At a recent meeting with O'Brien and health department officials, 
Thomas was frank about their challenges.

"I said, 'I may have to sue to get a building. Are you going to give 
me a year to get a permit or are you going to take away my right to 
have a permit?' " he said. "I didn't get an answer."

Thomas said he also questioned if there was another option, such as 
the state leasing its own unused property or abandoned buildings.

Leusner, the spokeswoman for the health department, said she had "no 
information" about the feasibility of that idea.

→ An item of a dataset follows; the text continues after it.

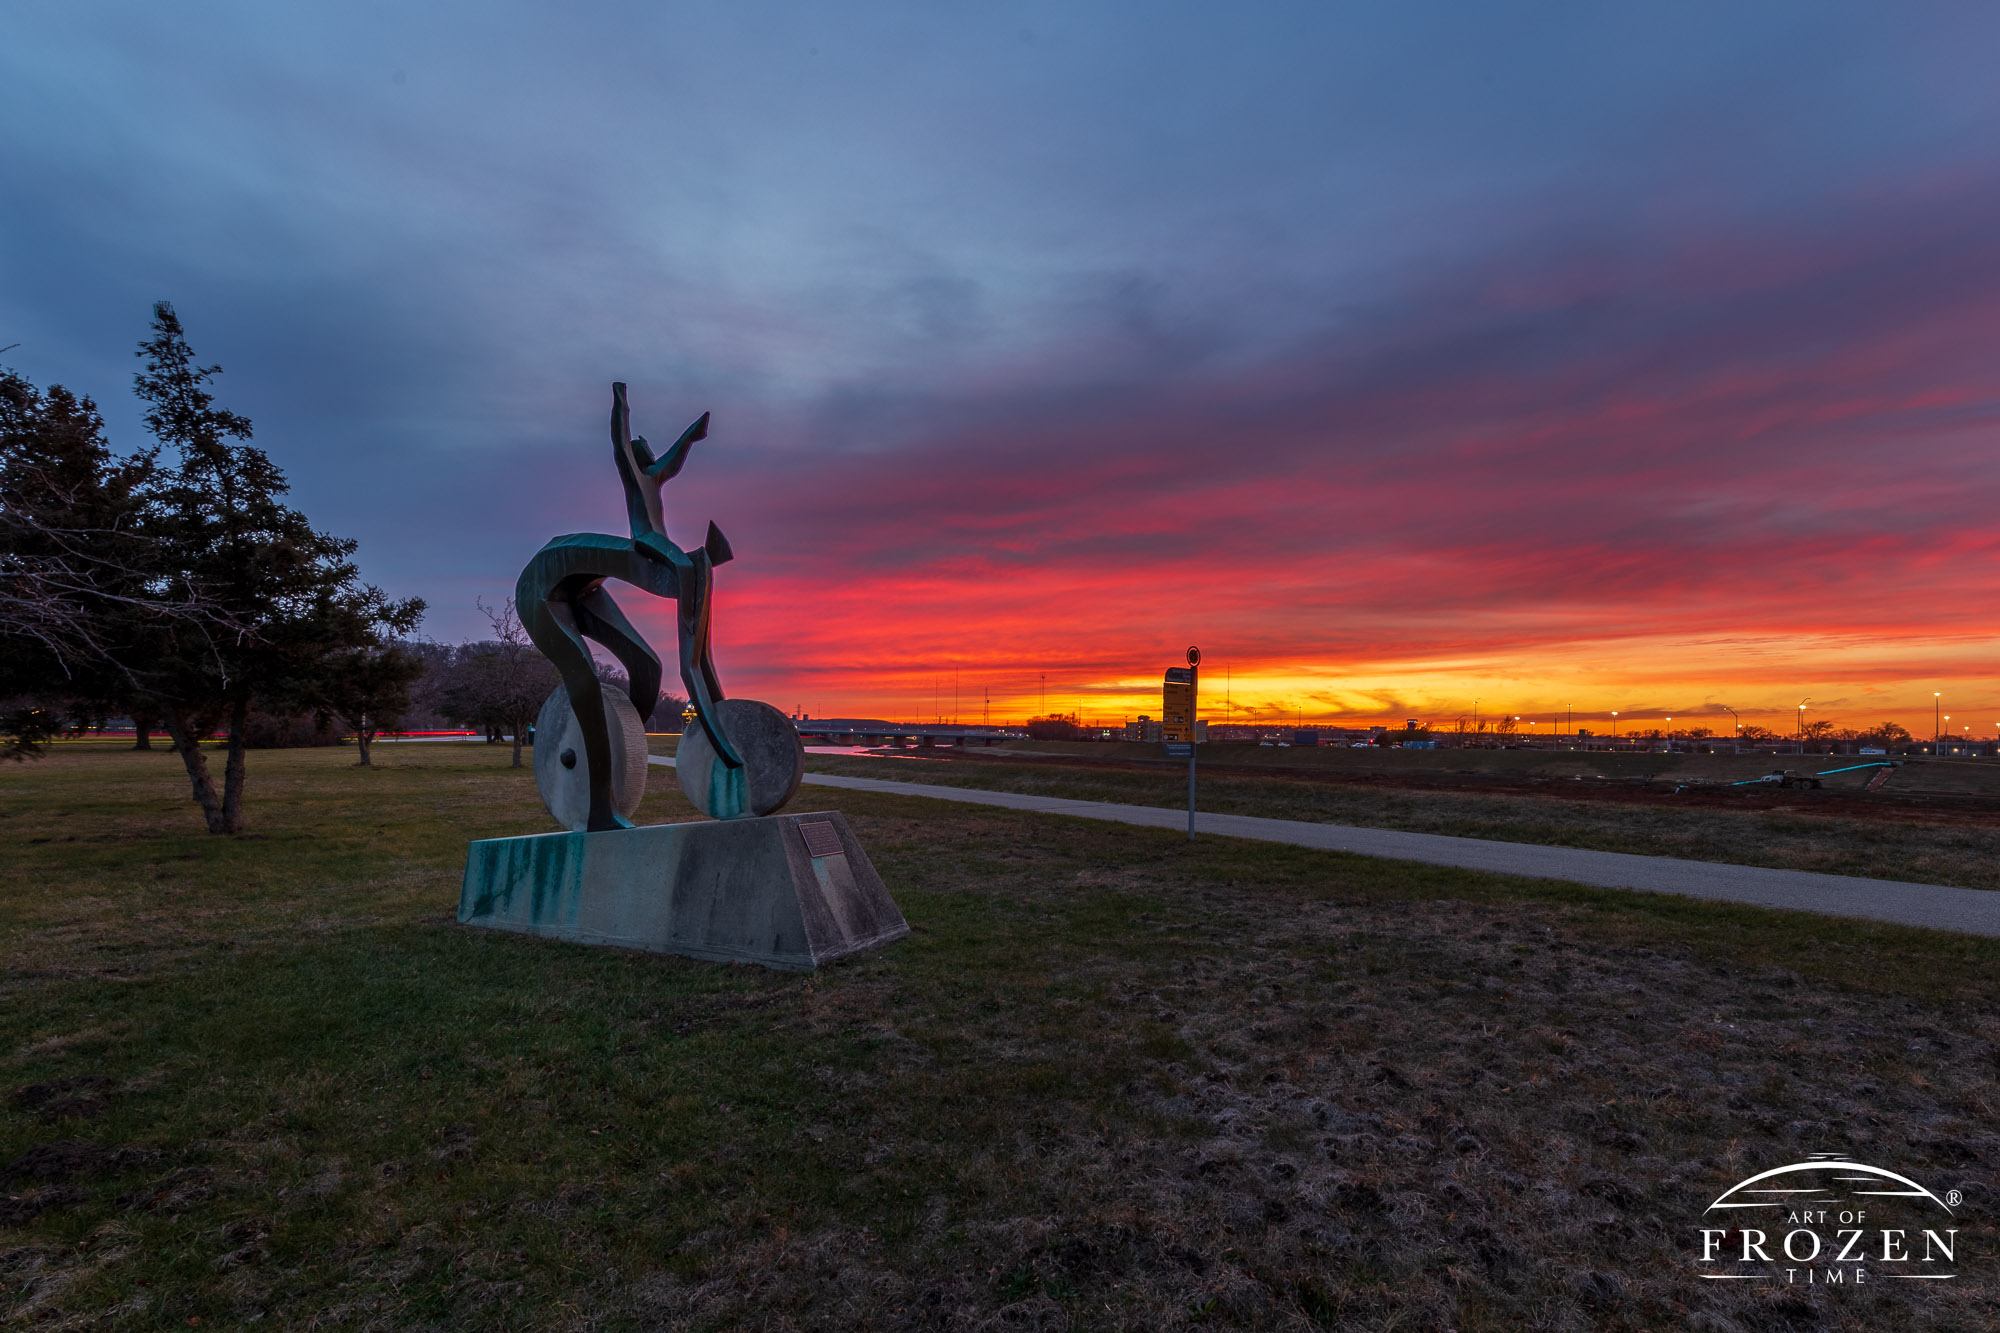 A modern sculpture celebrating bicycling stands along the Great Miami River Trail during a richly colored sunset. The rider’s outstretched arms strike joyous pose as if expressing excitement over the brief and brilliant display of color along the Dayton Ohio skyline.

When it comes to creativity in the medical marijuana debate, Upper 
Freehold takes the prize.

In December, officials in the agrarian community approved a unique 
ordinance that prohibits any applications to the township that 
violate federal law. While it does not mention medical marijuana, 
it's clearly a tactic to block Breakwater Alternative Treatment 
Center's proposed growing site.

"It's not a genuine act. It's not something they had on the books 
ever before. It's designed for a single purpose," said Jon Fisher, a 
Breakwater official. "It's baloney."

That's why his group is likely, although not yet certain, to file a 
lawsuit in Superior Court in the coming weeks.

And he's adamant that Upper Freehold is wrong.

"Give us a fair shake," he said. "If you would have treated me 
fairly, it wouldn't have come to this."


The state health department has taken a decidedly hands-off approach 
in handling the local debates. No representatives have been present 
at township zoning hearings, which have turned heated in some cases.

Despite criticism from some center officials, Leusner, the department 
spokeswoman, said this is standard procedure.

"By way of familiar example, when a hospital or surgery center 
applies to the Department for a license to operate, the Department 
does not attend municipal meetings on its behalf," she said in an e-mail.

Sen. Nicholas Scutari (D-Union), who cosponsored the state law, said 
he's recently encouraged by the resources the administration has 
devoted, including the hiring of O'Brien.

"There's no real progress. It's been two years, and it's all about 
the people, and the people are still suffering," he said. "It's terrible.

"I hope we're not having the same conversation 12 months from now."